◆ **Data provided**
*** Block opens ***
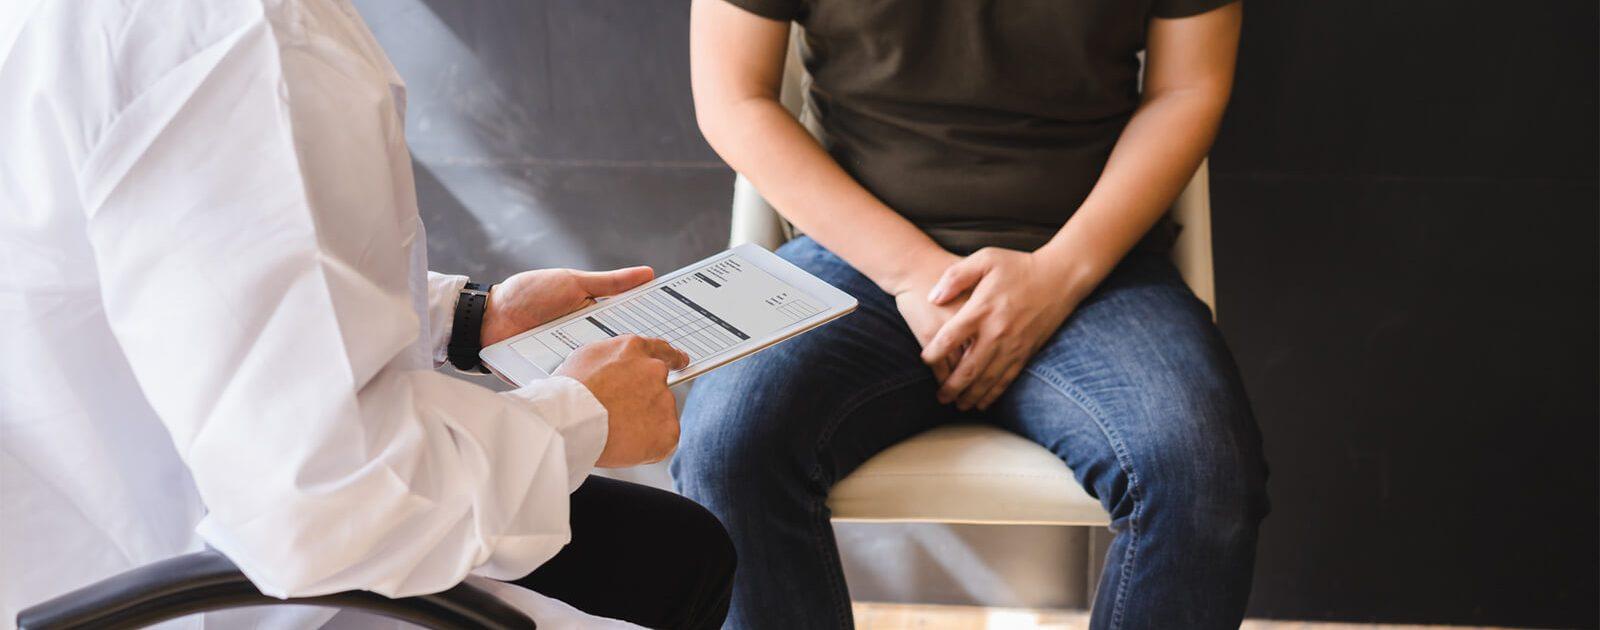 Mann berät sich mit seinem Arzt über die Behandlung seines Testosteronmangels.
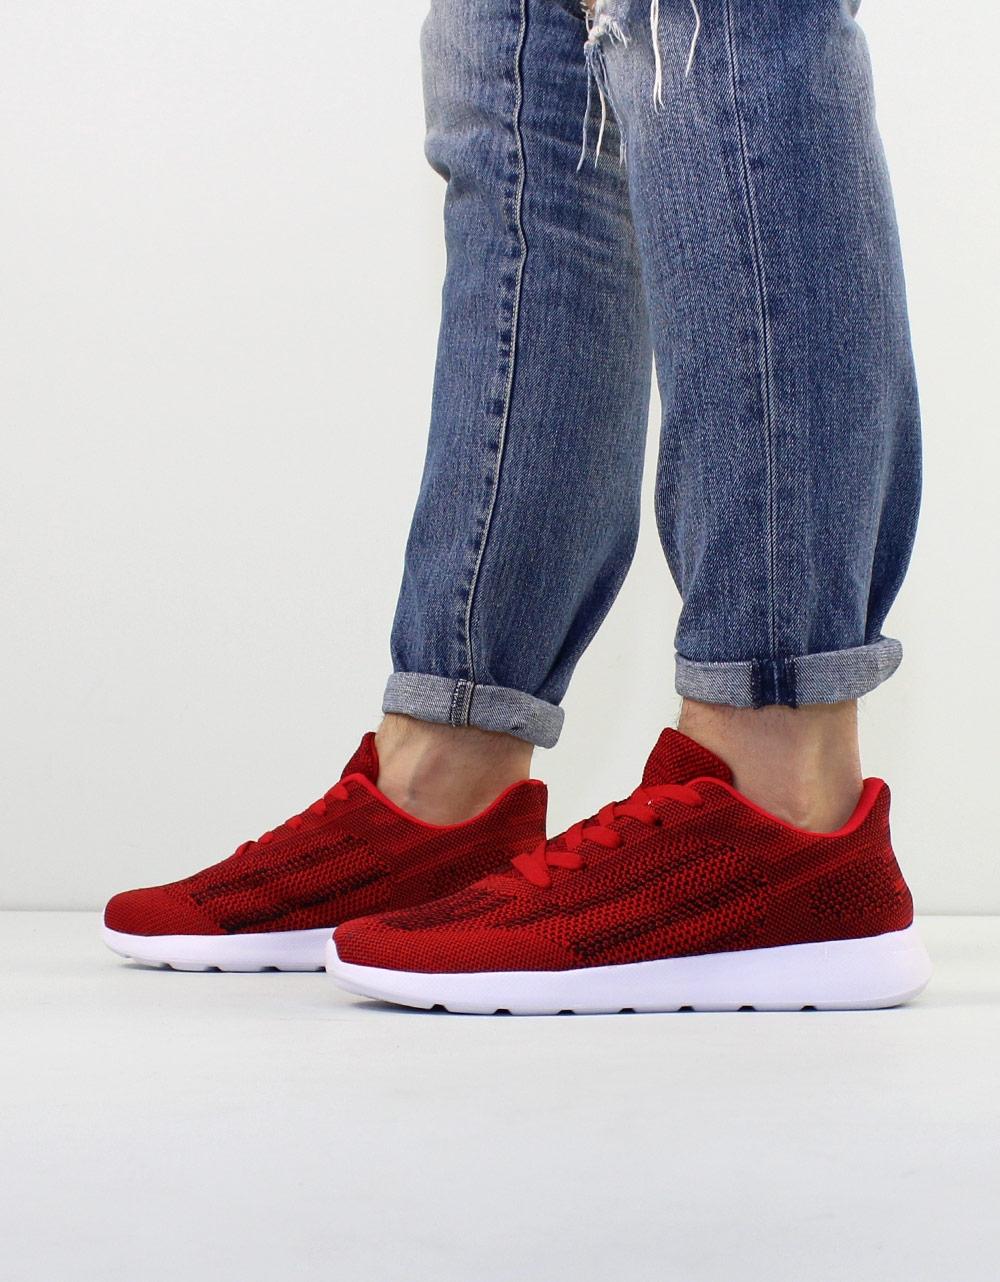 Εικόνα από Ανδρικά sneakers με δίχρωμες λεπτομέρειες Κόκκινο
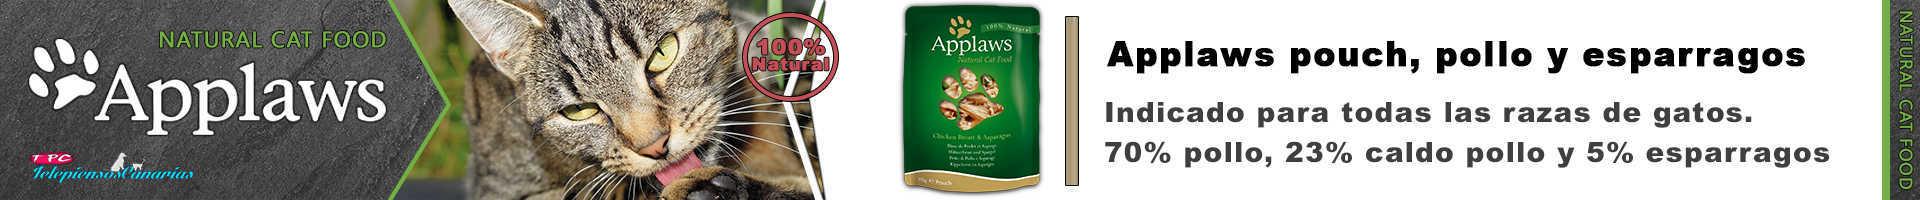 Applaws pouch con caldo de pollo y espárragos
*** Block closes ***
◆ **Task to carry out**
Copy the data above word for word. Pictures stay out.

◆ **Answer area**
 Mann berät sich mit seinem Arzt über die Behandlung seines Testosteronmangels.
 Εικόνα από Ανδρικά sneakers με δίχρωμες λεπτομέρειες Κόκκινο
 Applaws pouch con caldo de pollo y espárragos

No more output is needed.